Same Recipe But Different Ingredients? Challenges and Methodologies in Comparative Internet/Politics Research
Posted: 16 Jul 2012 Last revised: 20 Dec 2018
Date Written: August 22, 2012
This paper was generated by puzzles in how to account for both national context and catalyst in understanding online activism. We find ourselves trapped between the rock of national political communication context and the hard place of the seemingly quixotic nature of online movements. While some online movements have flourished in unlikely places, others have failed to coalesce or simply withered away in systems in which the internet apparently could have ushered in a new era of connected citizenship. Traditional research designs that were executed to compare systems were not proving helpful as, in the end, we found it more useful to think about types of crises rather than types of countries.
In this paper, we present evidence from the study of online mobilization in the United States, the United Kingdom, and Russia to suggest ways of conceptualizing and investigating online activism that can navigate the space between theories that address the universal properties of online communication and the specific context in which it occurs. We suggest that ‘context’ is far more than a national political and media system; rather, context relates to the nature of issues and institutions in a way that is not readily captured by national norms alone. As such, this paper discusses how British activists concerned with disability rights used online mobilization more innovatively than their American counterparts, despite a stronger tradition of online activism and disability rights in general in the United States. At the same time, this paper considers how the internet became a part of health issue campaigns in Russia, despite simultaneously failing to augment more traditional political institutions such as political parties. Crucially, we found popular ‘outrage’ connected to (perceived) violations of fundamental rights to be a precursor of online mobilization that transcended the boundaries between democratic and non-democratic regimes.

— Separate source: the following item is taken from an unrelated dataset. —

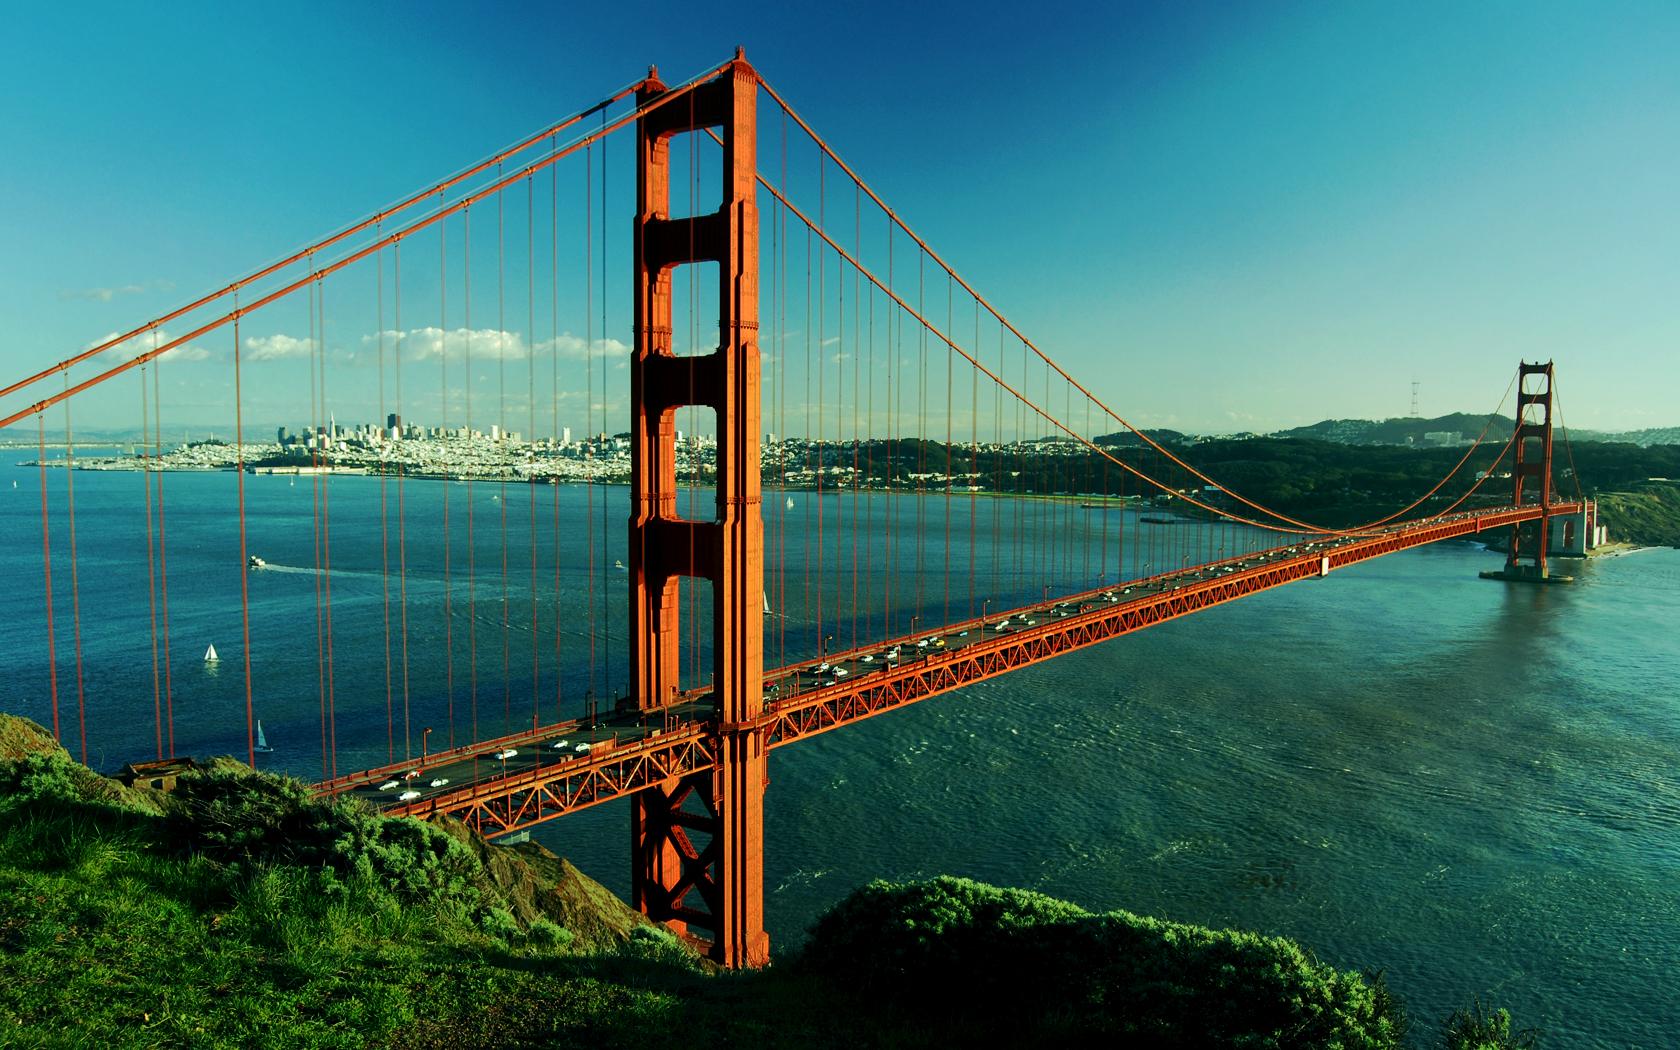 USA San Francisco Golden Gate by angelcostavillacrez
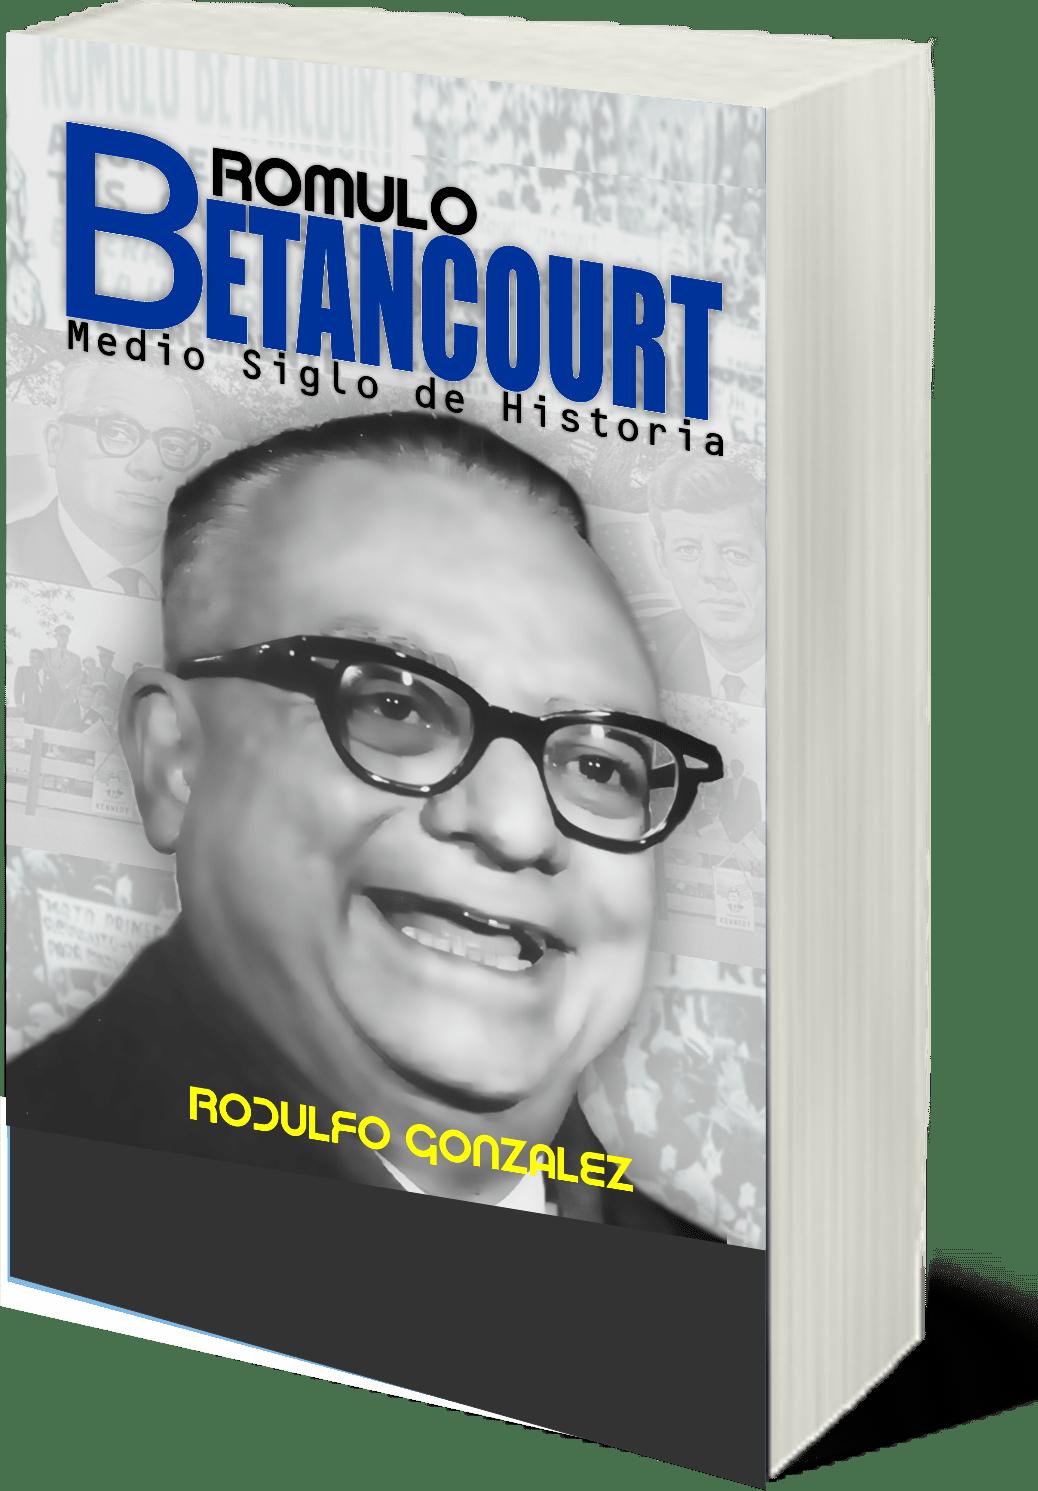 Romulo Betancourt Medio Siglo de Historia por Rodulfo Gonzalez

While we can suggest useful ways to measure and observe how citizens migrate from giving voice to taking action online in very different contexts, we leave open for now the conviction that citizens are being permanently ‘rewired’ by their online activity. What is clear, however, is that citizens in very different contexts are being both enraged and engaged – sometimes at amazing speed – by the online sphere in ways in which both political scientists and governments will find fundamentally changes the nature of political engagement. The challenge is in anticipating how, why, when, and where online engagement will flow with ‘politics as usual’ in a range of regimes and when it will lead to challenge to powerful elites and institutions. Without making non-useful distinctions between ‘online’ and ‘offline’ activism, we hope we can provide ways to identify markers for when online discourse can turn to effective challenge to a political establishment.